- WHAT YOU HAVE TO DO: An exact copy of the listing below is the answer, with the pictures removed.

- RAW DATA:
************

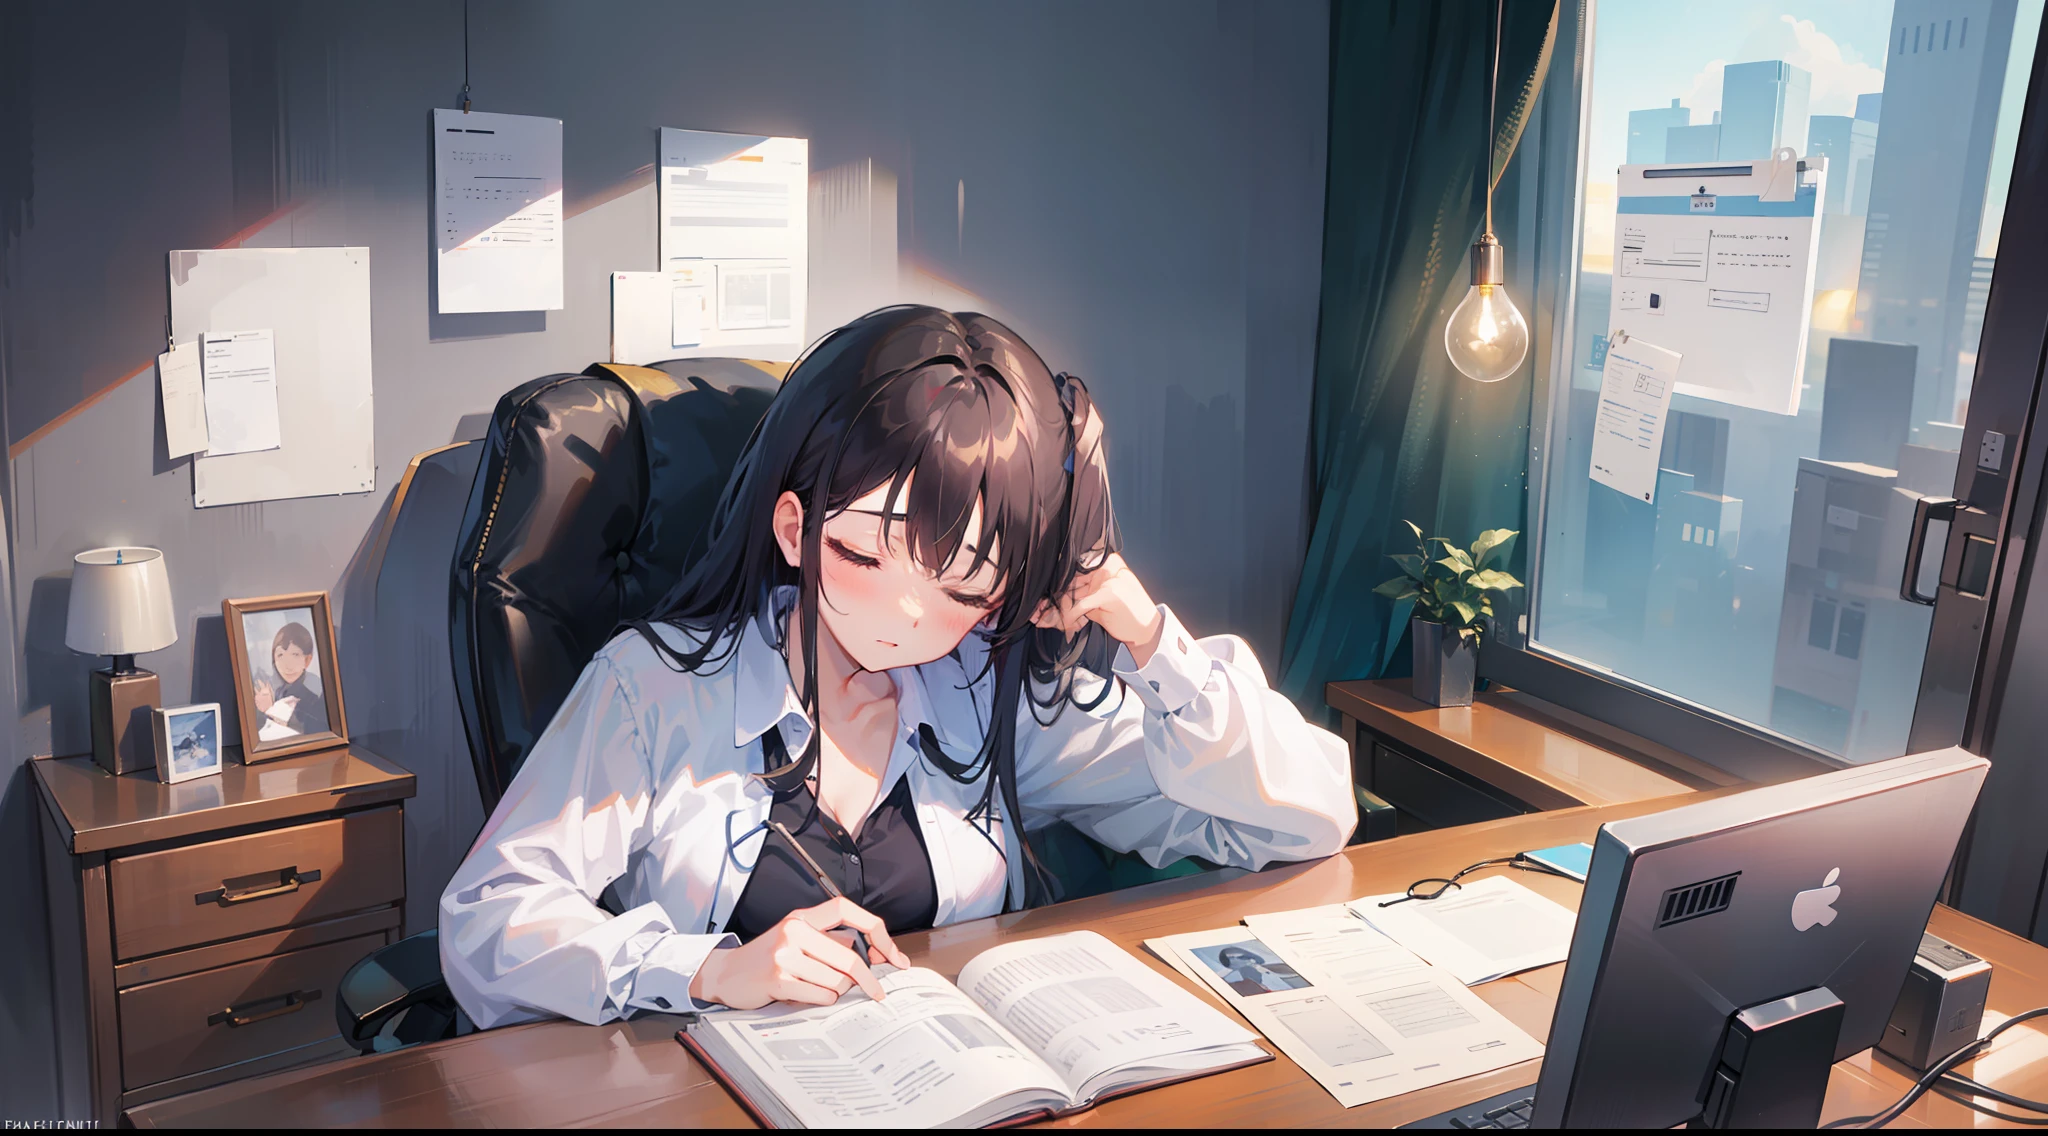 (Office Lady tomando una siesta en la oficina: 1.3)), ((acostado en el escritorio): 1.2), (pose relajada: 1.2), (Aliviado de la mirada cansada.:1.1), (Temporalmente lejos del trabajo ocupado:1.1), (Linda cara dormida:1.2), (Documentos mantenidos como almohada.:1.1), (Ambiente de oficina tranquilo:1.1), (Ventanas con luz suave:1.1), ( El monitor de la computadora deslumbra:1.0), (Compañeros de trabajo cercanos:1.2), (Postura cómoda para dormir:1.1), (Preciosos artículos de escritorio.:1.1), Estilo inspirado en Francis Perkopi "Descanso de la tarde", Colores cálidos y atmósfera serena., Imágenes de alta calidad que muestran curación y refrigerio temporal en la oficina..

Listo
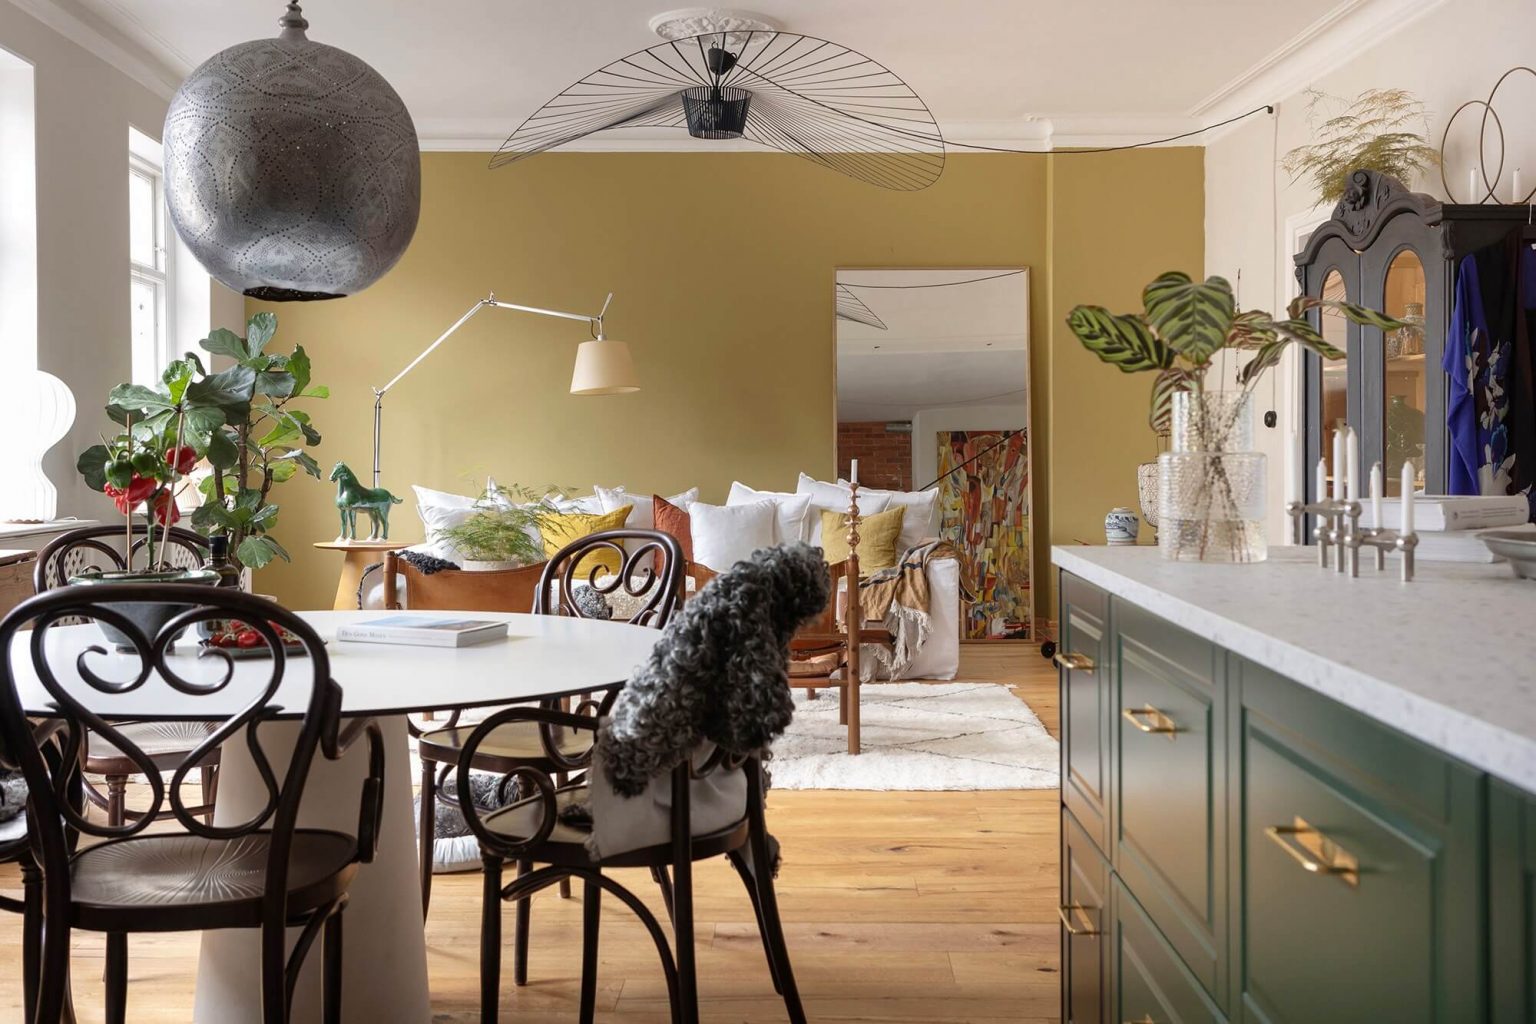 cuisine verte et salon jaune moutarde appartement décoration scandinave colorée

************

- SOLUTION TO THE EXERCISE:
 (Office Lady tomando una siesta en la oficina: 1.3)), ((acostado en el escritorio): 1.2), (pose relajada: 1.2), (Aliviado de la mirada cansada.:1.1), (Temporalmente lejos del trabajo ocupado:1.1), (Linda cara dormida:1.2), (Documentos mantenidos como almohada.:1.1), (Ambiente de oficina tranquilo:1.1), (Ventanas con luz suave:1.1), ( El monitor de la computadora deslumbra:1.0), (Compañeros de trabajo cercanos:1.2), (Postura cómoda para dormir:1.1), (Preciosos artículos de escritorio.:1.1), Estilo inspirado en Francis Perkopi "Descanso de la tarde", Colores cálidos y atmósfera serena., Imágenes de alta calidad que muestran curación y refrigerio temporal en la oficina..

Listo
 cuisine verte et salon jaune moutarde appartement décoration scandinave colorée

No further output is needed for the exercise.